Work instruction: Once you reach the line containing "West Coast Swing Party Berlin Juli 2019" in the entries below, write out that line and each one after it down to the line containing "Einmach @ Oerliker", exactly and with nothing added.

Information shown:
BEGIN

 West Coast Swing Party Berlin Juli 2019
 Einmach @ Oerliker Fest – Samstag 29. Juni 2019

END
BEGIN

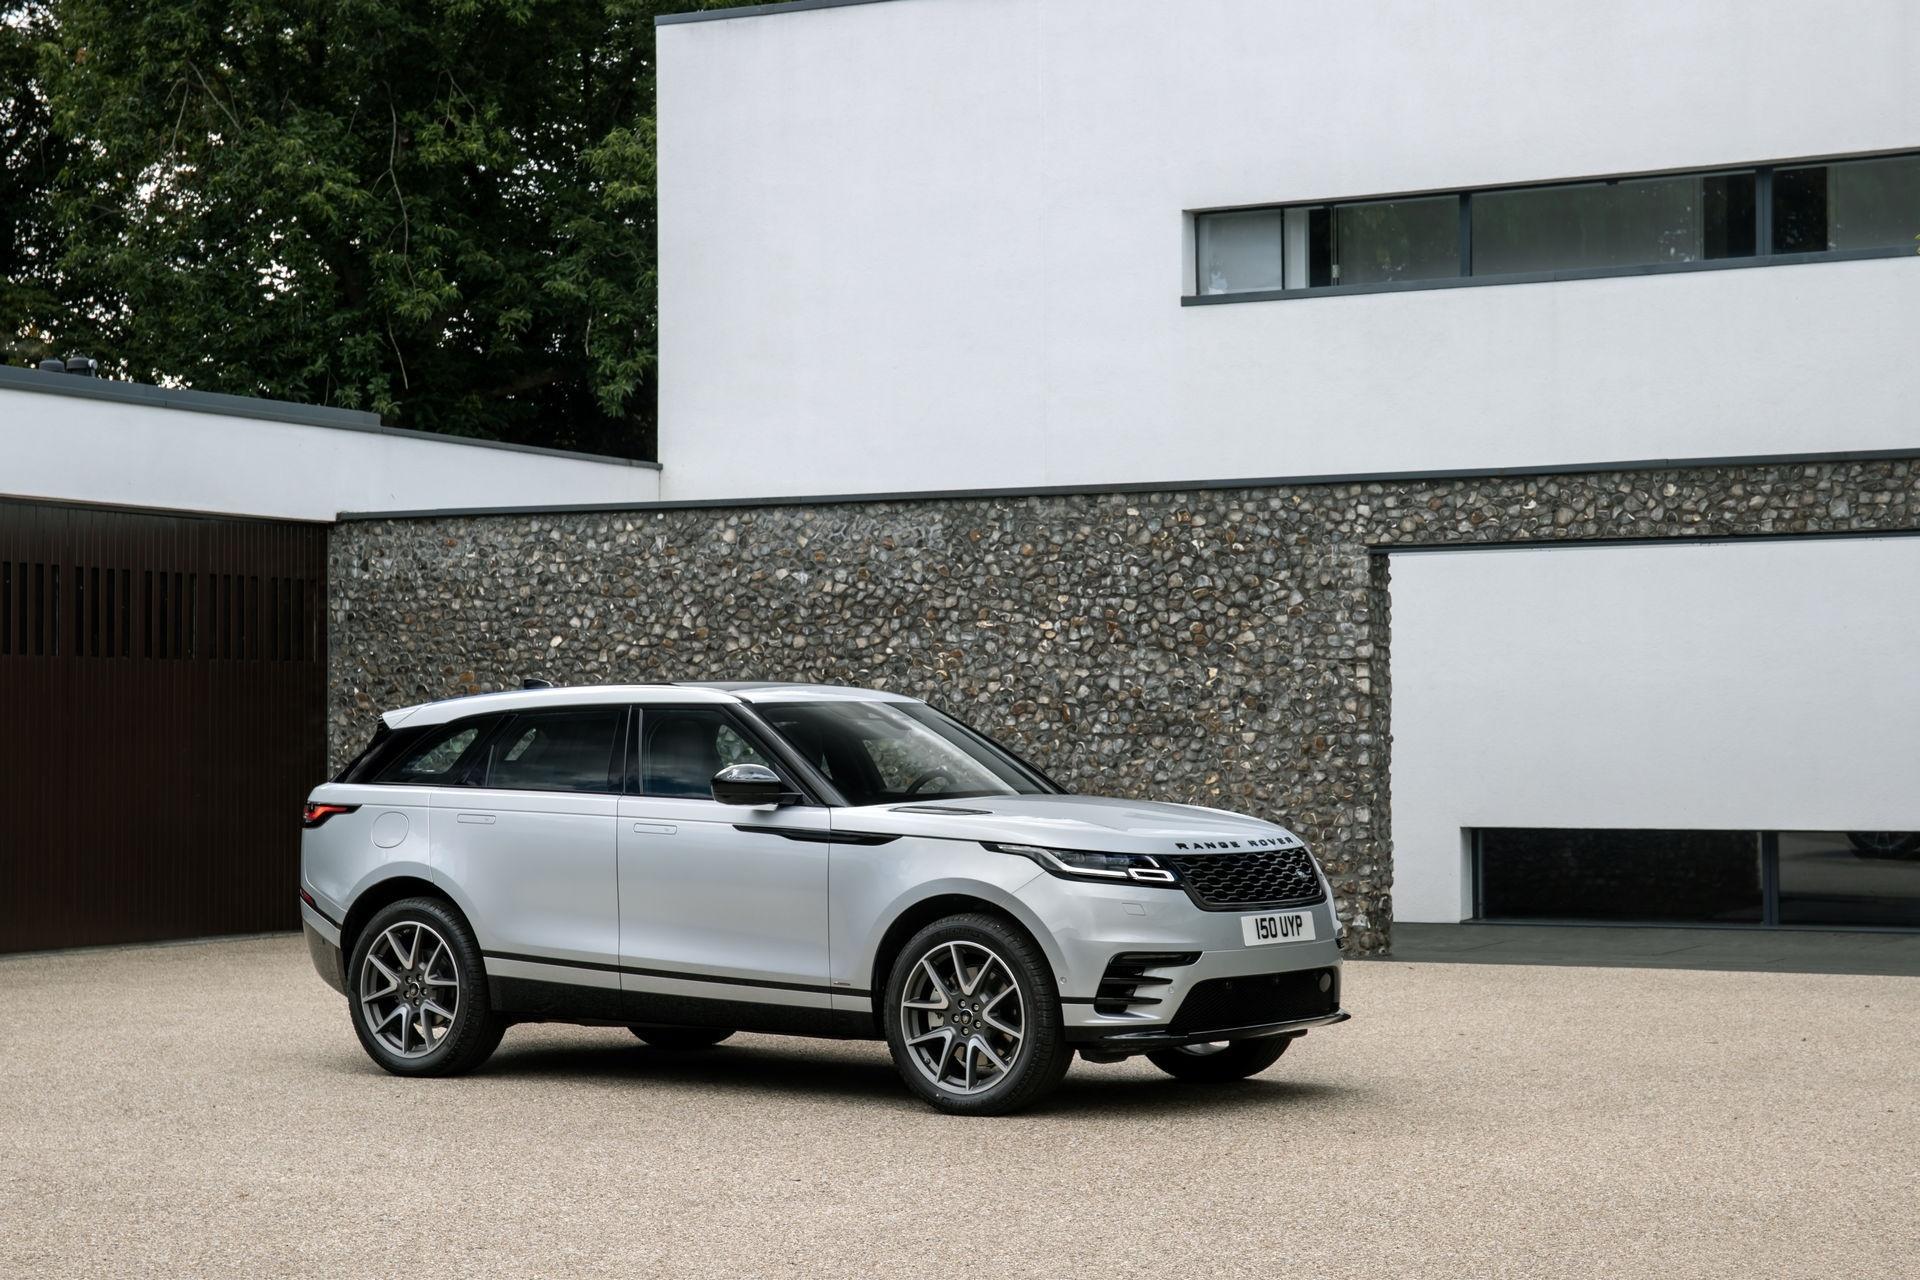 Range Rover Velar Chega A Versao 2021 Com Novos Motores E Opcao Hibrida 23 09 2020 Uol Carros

END

Output for this exercise:
 West Coast Swing Party Berlin Juli 2019
 Einmach @ Oerliker Fest – Samstag 29. Juni 2019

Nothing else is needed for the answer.